During the COVID-19 pandemic, the use of deep learning techniques for the diagnosis of COVID-19 has become a crucial issue to overcome the limitation of medical resources. In this work, we used CNN with deep transfer learning and RNN to classify the X-ray samples into three categories: pneumonia, COVID-19, and normal. The four popular CNN networks were used to extract features, which were then applied by the RNN network to identify different classes. The VGG19-RNN is considered the best network with 99.9% accuracy, 99.9% AUC, 99.8% recall, and 99.8% F1-score to detect COVID-19 cases. Hopefully, it would reduce the workload for the doctor to test COVID-19 cases.

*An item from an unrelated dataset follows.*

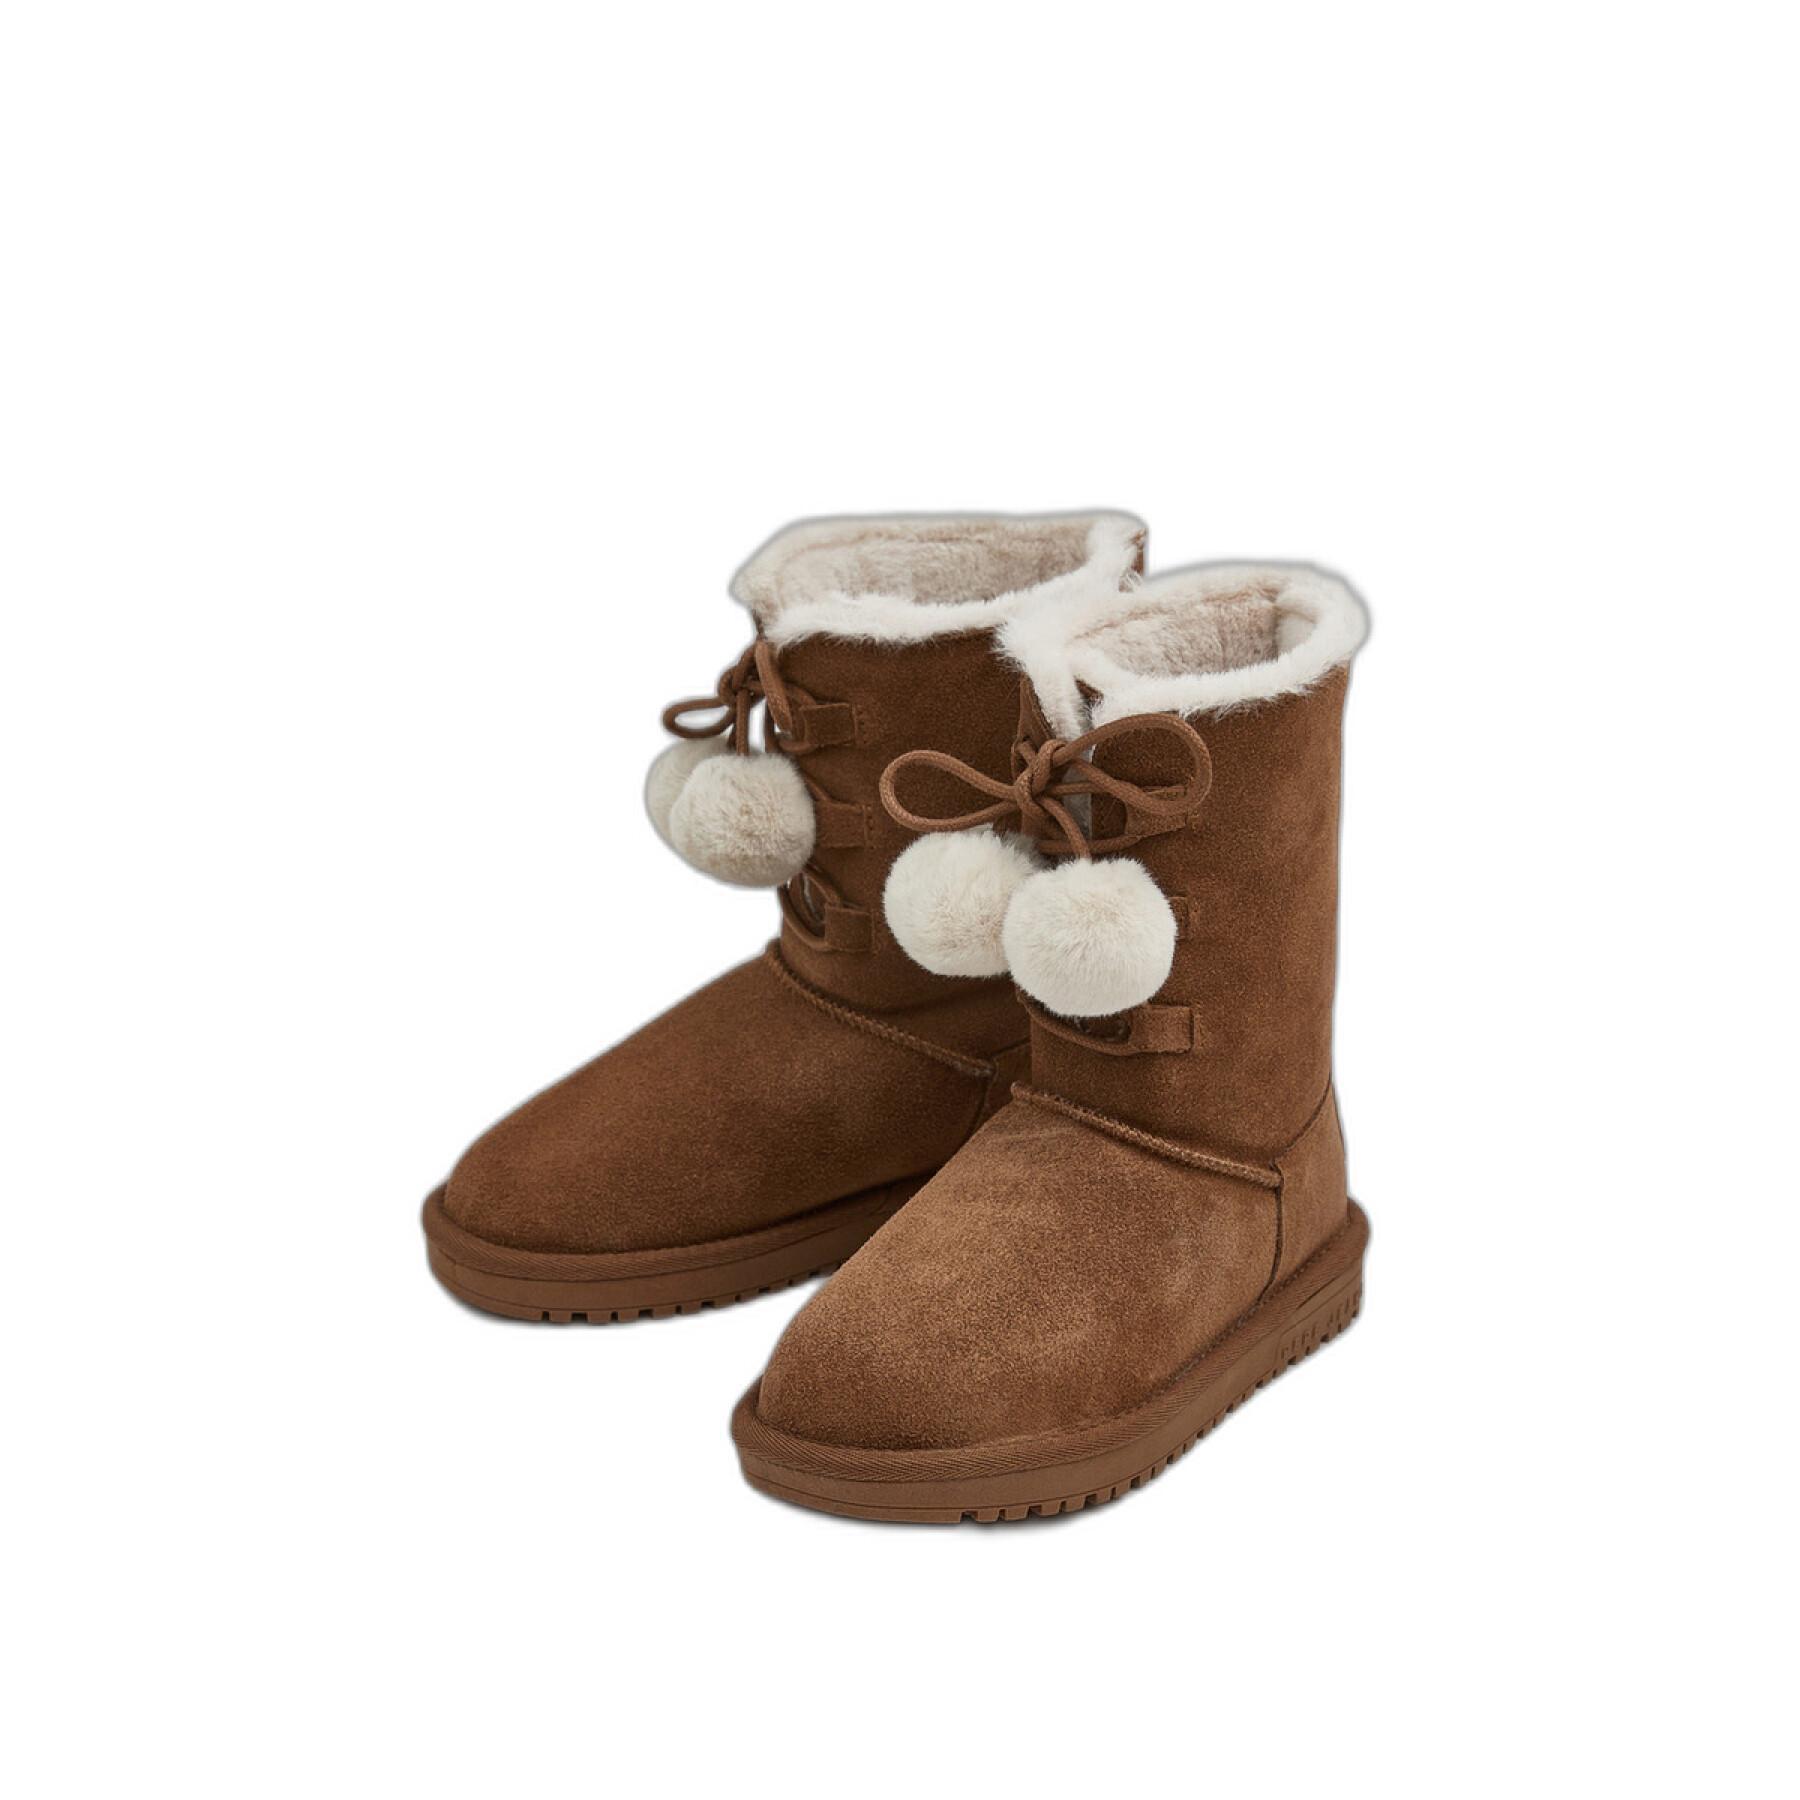 Girl's boots Pepe Jeans Diss Tassel

There are some limitations to our proposed system. First, the COVID-19 samples are small that need to be updated with more samples to validate our proposed system. Second, this experiment only works with a posterior–anterior view of chest X-ray, hence it is not able to effectively classify other views such as apical, lordotic, etc. Third, the performance of our experiment is not compared with radiologists which would be our future work.

Funding statement

None

Declaration of Competing Interest

The authors declare that they have no known competing financial interests or personal relationships that could have appeared to influence the work reported in this paper.